WORK INSTRUCTIONS:
The response should consist of the data below, copied exactly, with no pictures in it.

GIVEN MATERIAL:
════

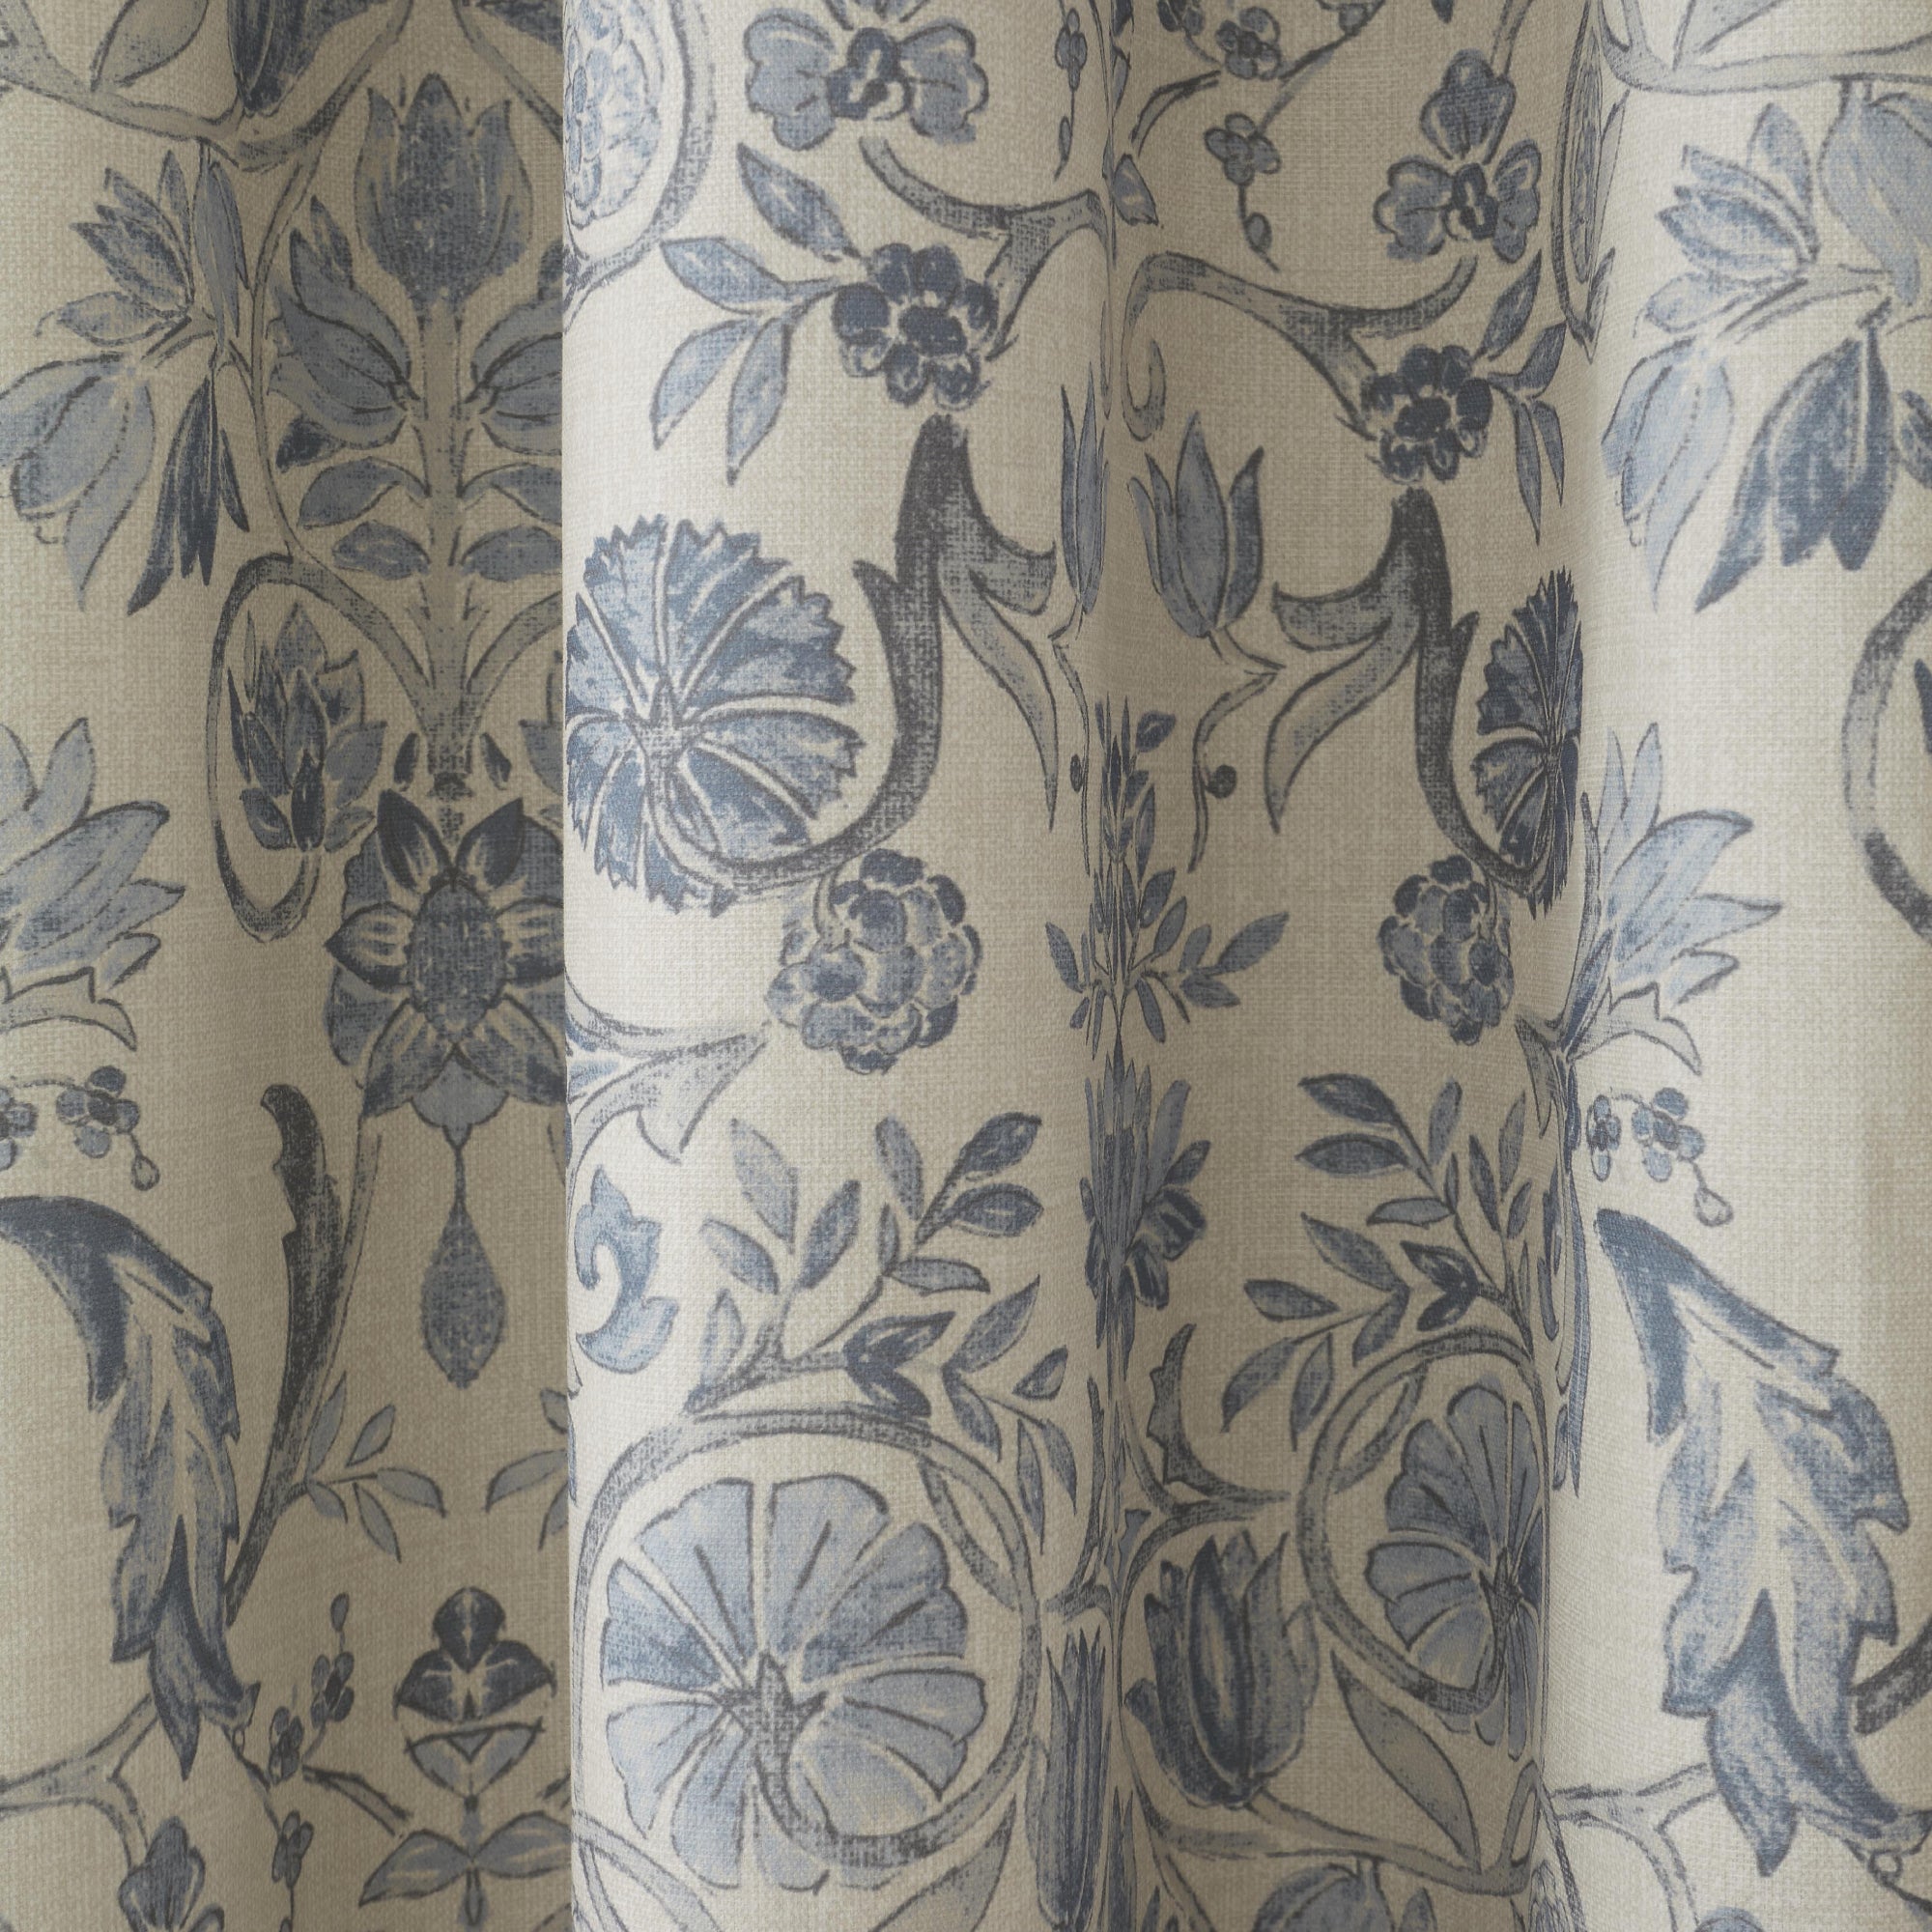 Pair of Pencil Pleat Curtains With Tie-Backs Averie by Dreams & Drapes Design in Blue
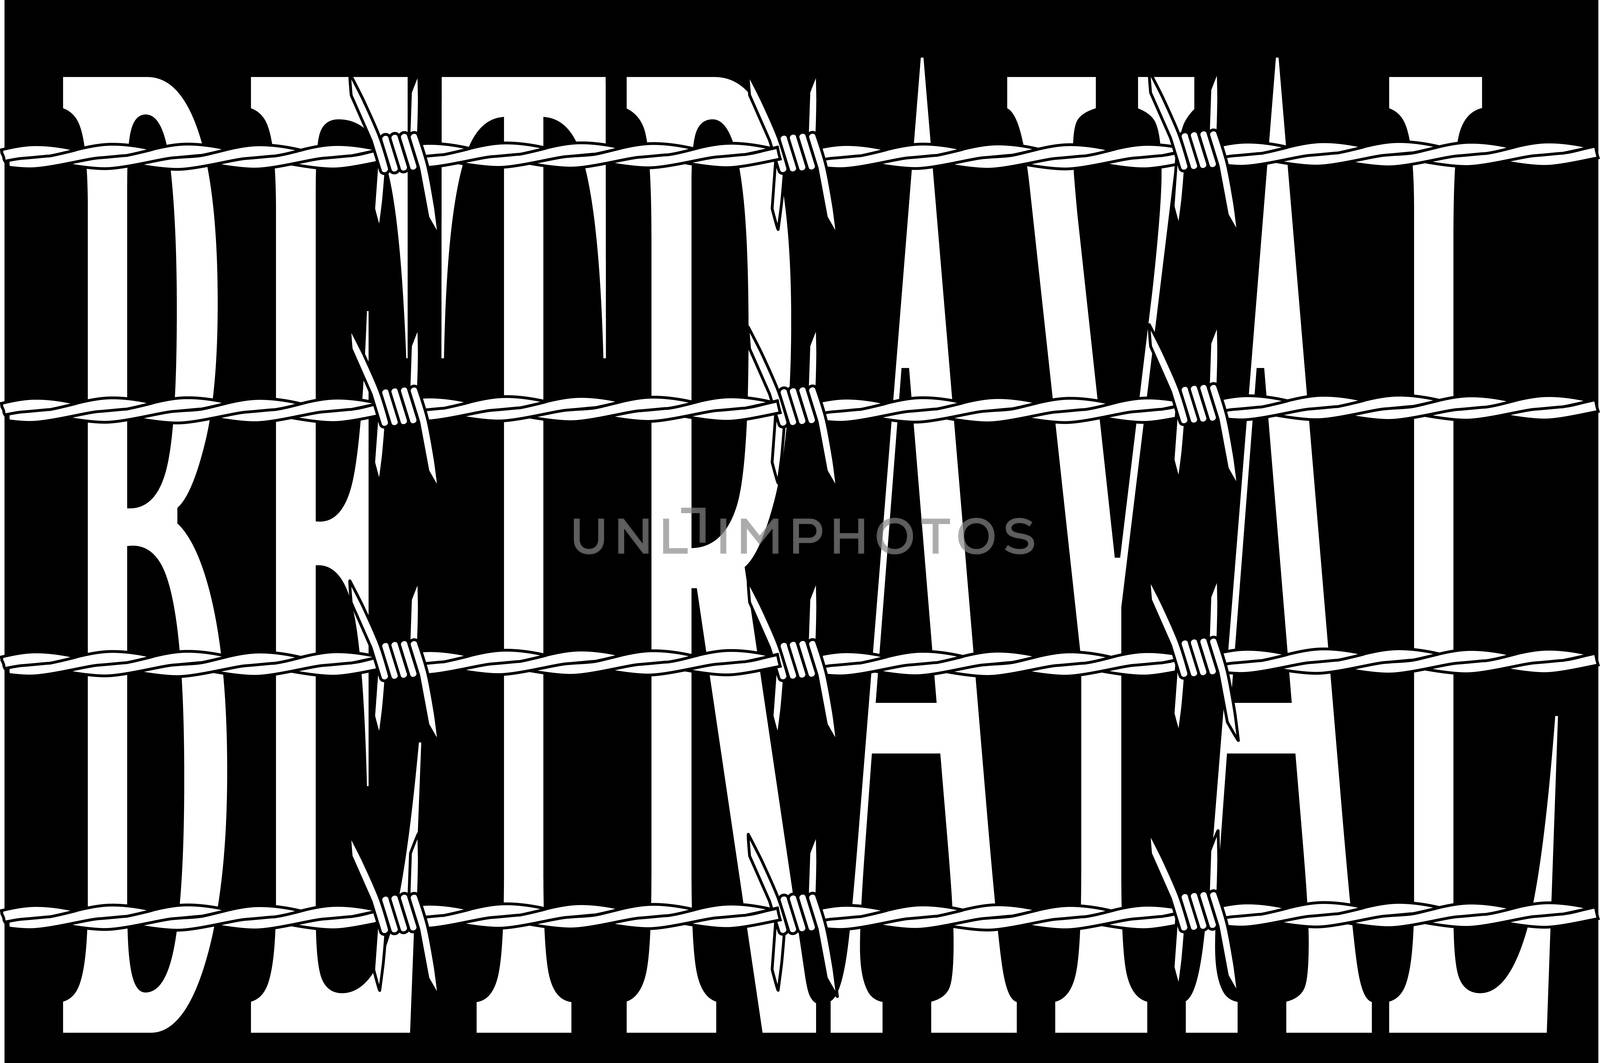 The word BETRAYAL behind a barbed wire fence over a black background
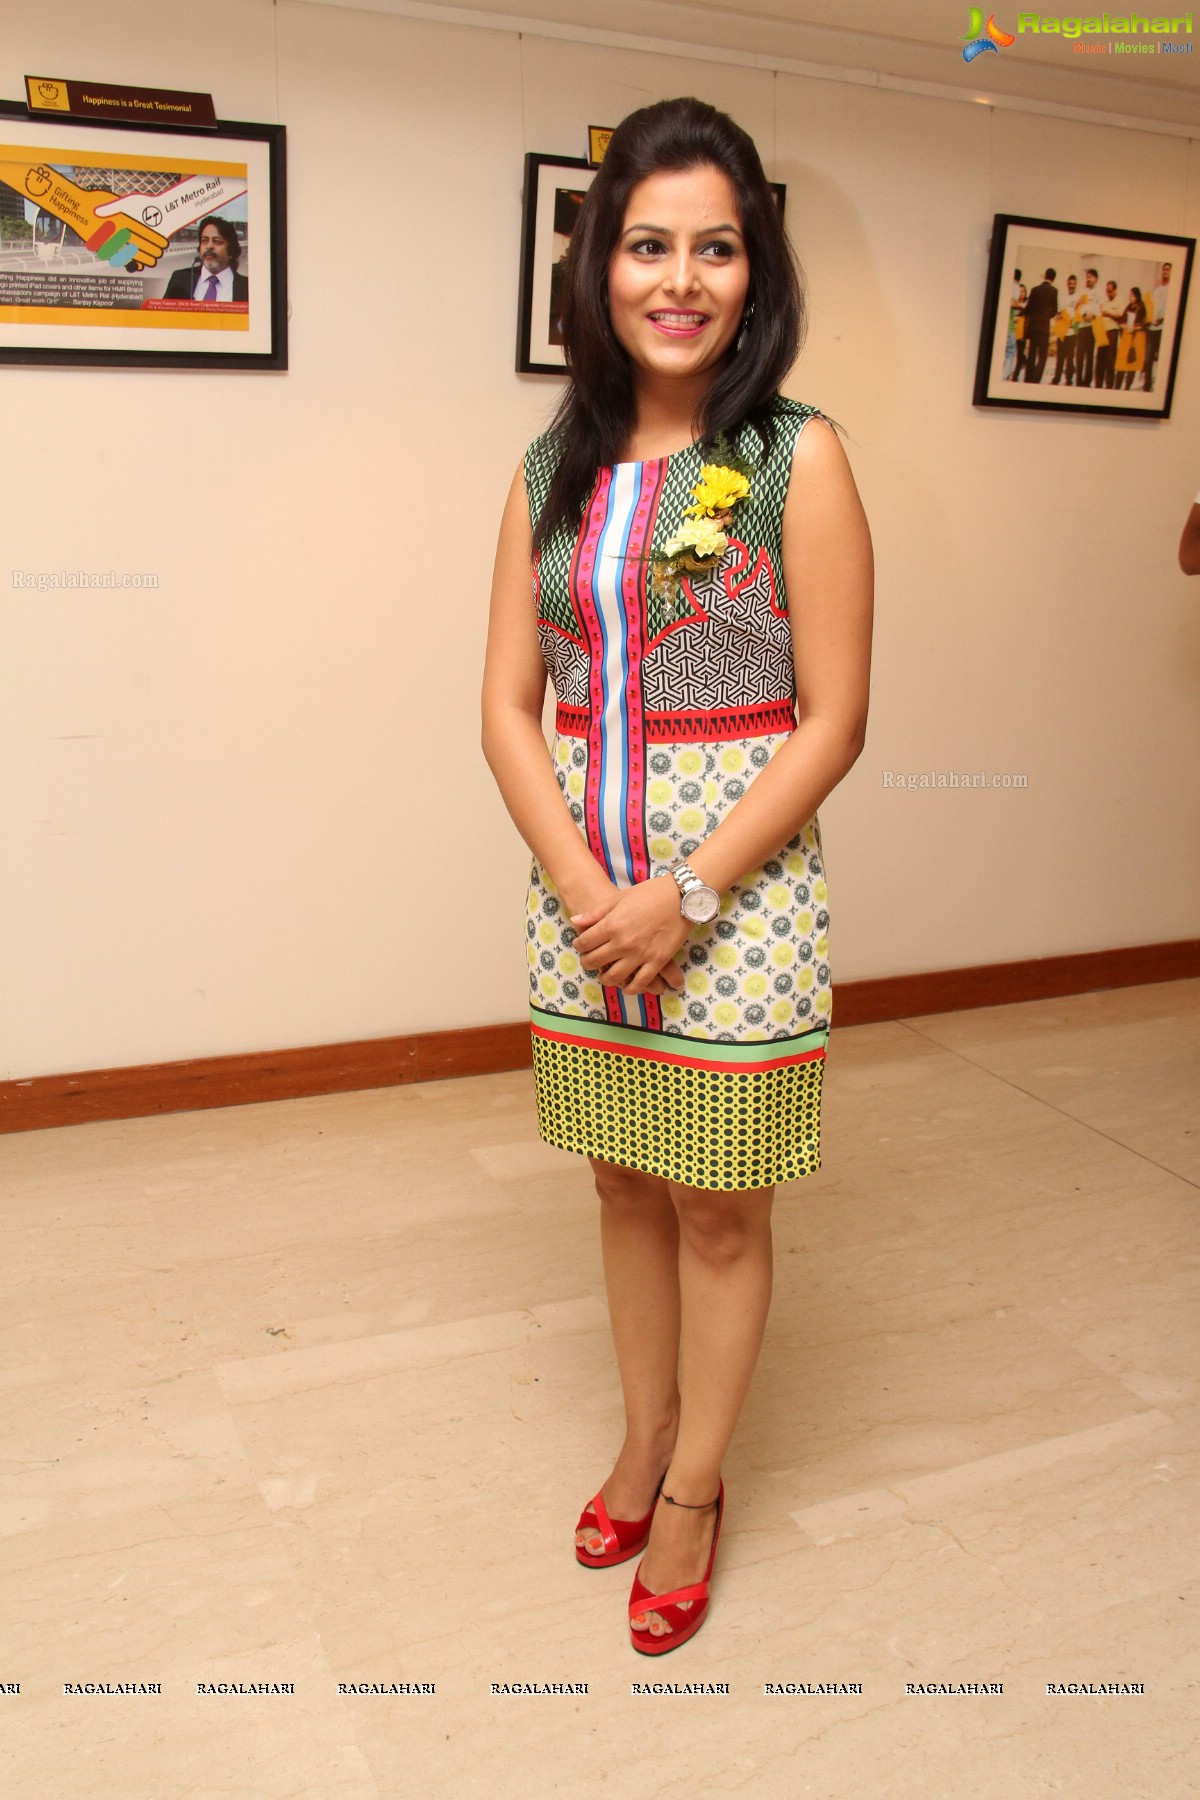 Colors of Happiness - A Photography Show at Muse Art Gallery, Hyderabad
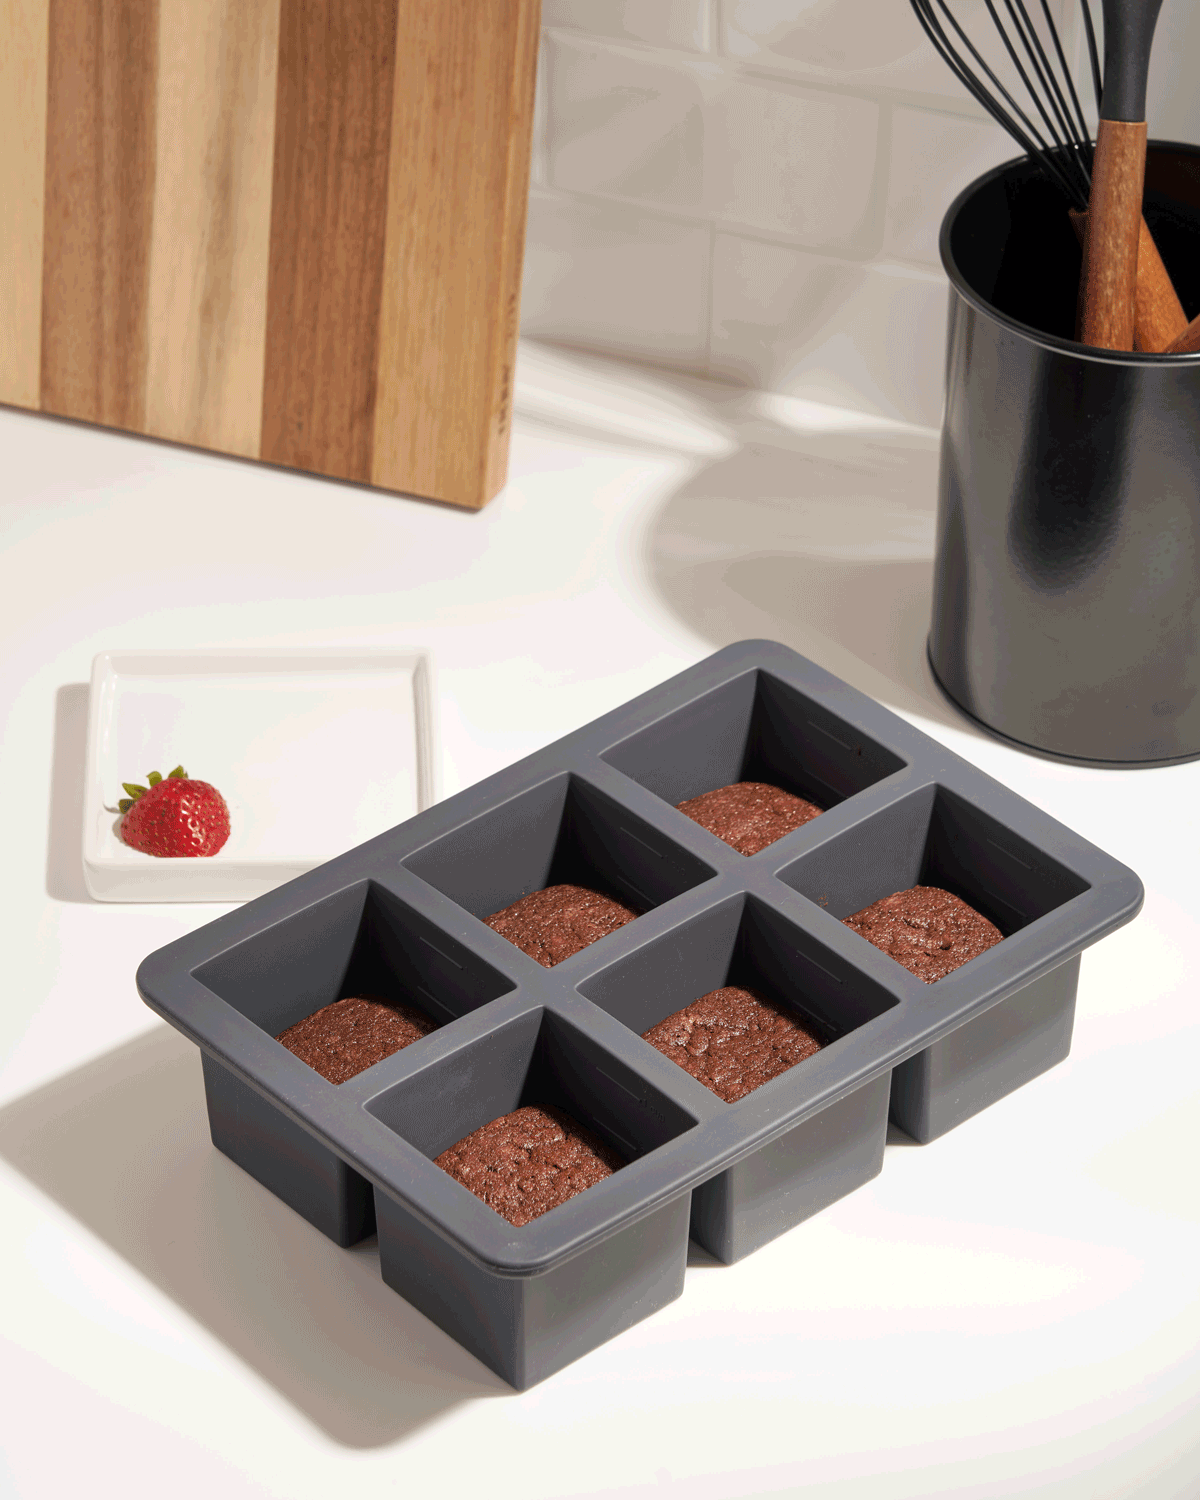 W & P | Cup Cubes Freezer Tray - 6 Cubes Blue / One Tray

════

WRITTEN RESPONSE:
 Pair of Pencil Pleat Curtains With Tie-Backs Averie by Dreams & Drapes Design in Blue
 The word BETRAYAL behind a barbed wire fence over a black background
 Colors of Happiness - A Photography Show at Muse Art Gallery, Hyderabad
 W & P | Cup Cubes Freezer Tray - 6 Cubes Blue / One Tray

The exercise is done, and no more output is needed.